See all this stuff? This stuff follows me around wherever I go. I have tried time and time again to exorcise my clutter demons, and I have given bag after bag after bag of stuff to friends and Goodwill. But still, at all times, no less than ten substantial boxes of ... stuff ... trails behind me, stashed in a closet, in a bureau, under the bed, in some spare cabinets.

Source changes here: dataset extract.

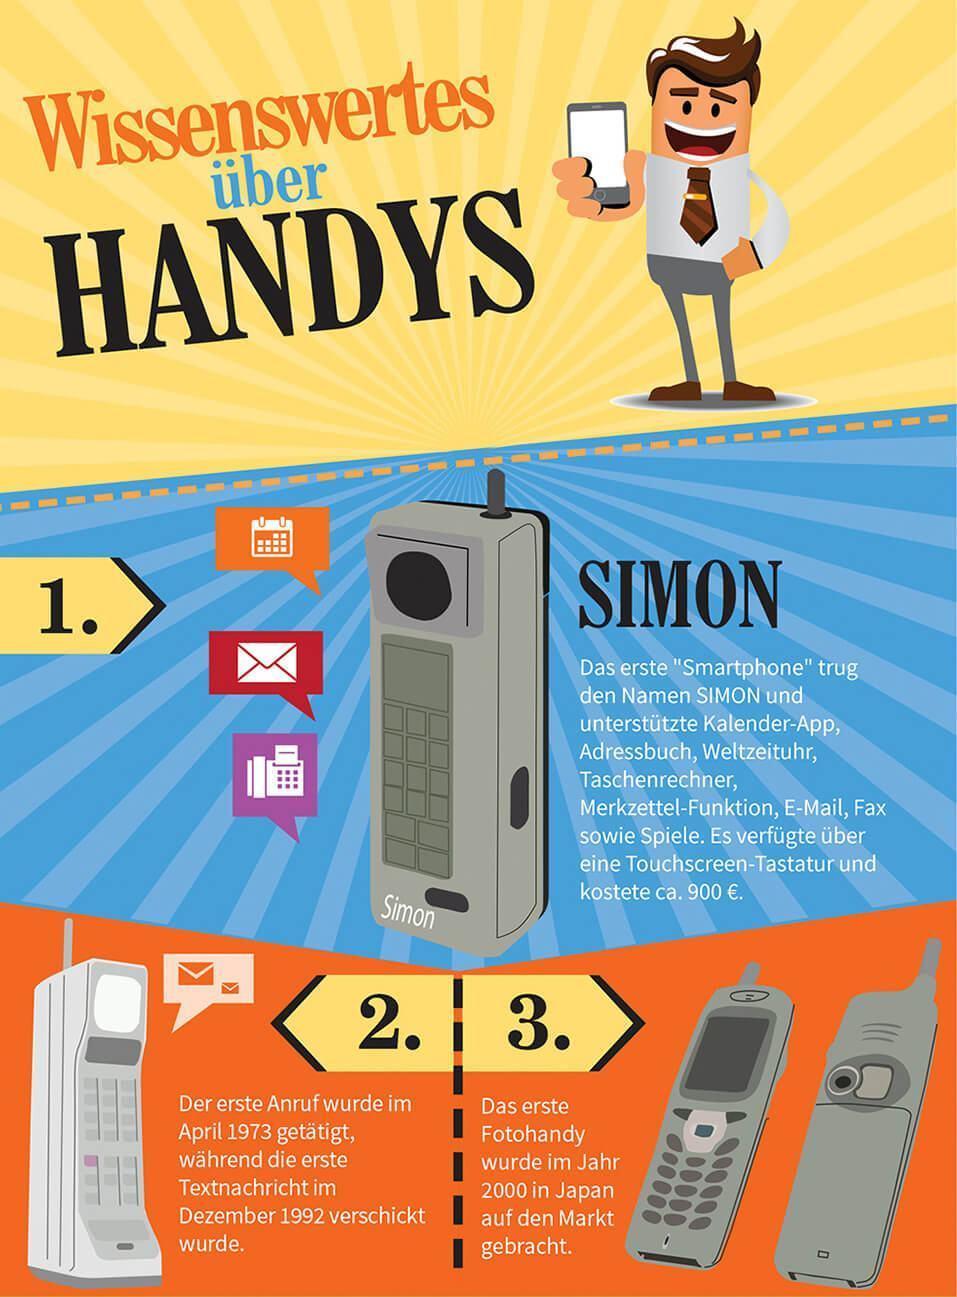 Exkurs: Verblüffende Fakten über Handys und Smartphones, die Du kennen solltest

I'm talking broken Furbies, miniature sticker books from when I was 12, every diary I've ever owned, broken desk lamps, loose-leaf notebook paper containing serialized and incomplete stories, sketchbooks from high school art class, billfolds given to me for Christmas when I was in third grade, creative-writing journals from my senior year, three Ziploc bags full of lead pencils and highlighters, CDs I haven't listened to in years, dusty paintbrushes given to me by my grandmother, a lamp with broken colored glass glued to it that I've never once been able to hang up, erotic poster-board paintings of featureless women, the business card of an Indian restaurant I ate at the first time I ever visited New York City, a stuffed Aflac duck, keys that go to who knows what, four spools of unmarked CDs, three boxes of photographs, my (incomplete) Sidelines clip file, bills from 2004, tiny beaded change purses stained by melted candy, wallets I've never once used, scrapbooks that have gone untouched, Christmas and birthday cards I've accumulated over the past decade, a broken ceramic angel my sister gave me when I was confirmed in our church, my old Dell desktop and its accessories, bags and purses I never use, letters from my dead grandmother and great-grandmother ... the list goes on and on.

I have this ritual once or twice a year where I pull everything out of its polite hiding place and go through it in order to "clean up" and hopefully get rid of some stuff. It almost always ends up being an exercise in pointlessness from a purely pragmatic standpoint. I throw out maybe one garbage bag of paperwork. But it gives me a chance to get reacquainted with all the stuff I've stashed and forgotten about. I get to read through my horrible adolescent poetry and cringe at the creative-writing journal I actually let a teacher read and grade my senior year. I get to tear up at the recordings of our band concerts (we were good for a bunch of little twerps). I get to remember all the bands I absolutely loved and then completely forgot about. I get to reconnect with the people in my family who have moved on, but who left me little pieces of themselves in letters and photographs.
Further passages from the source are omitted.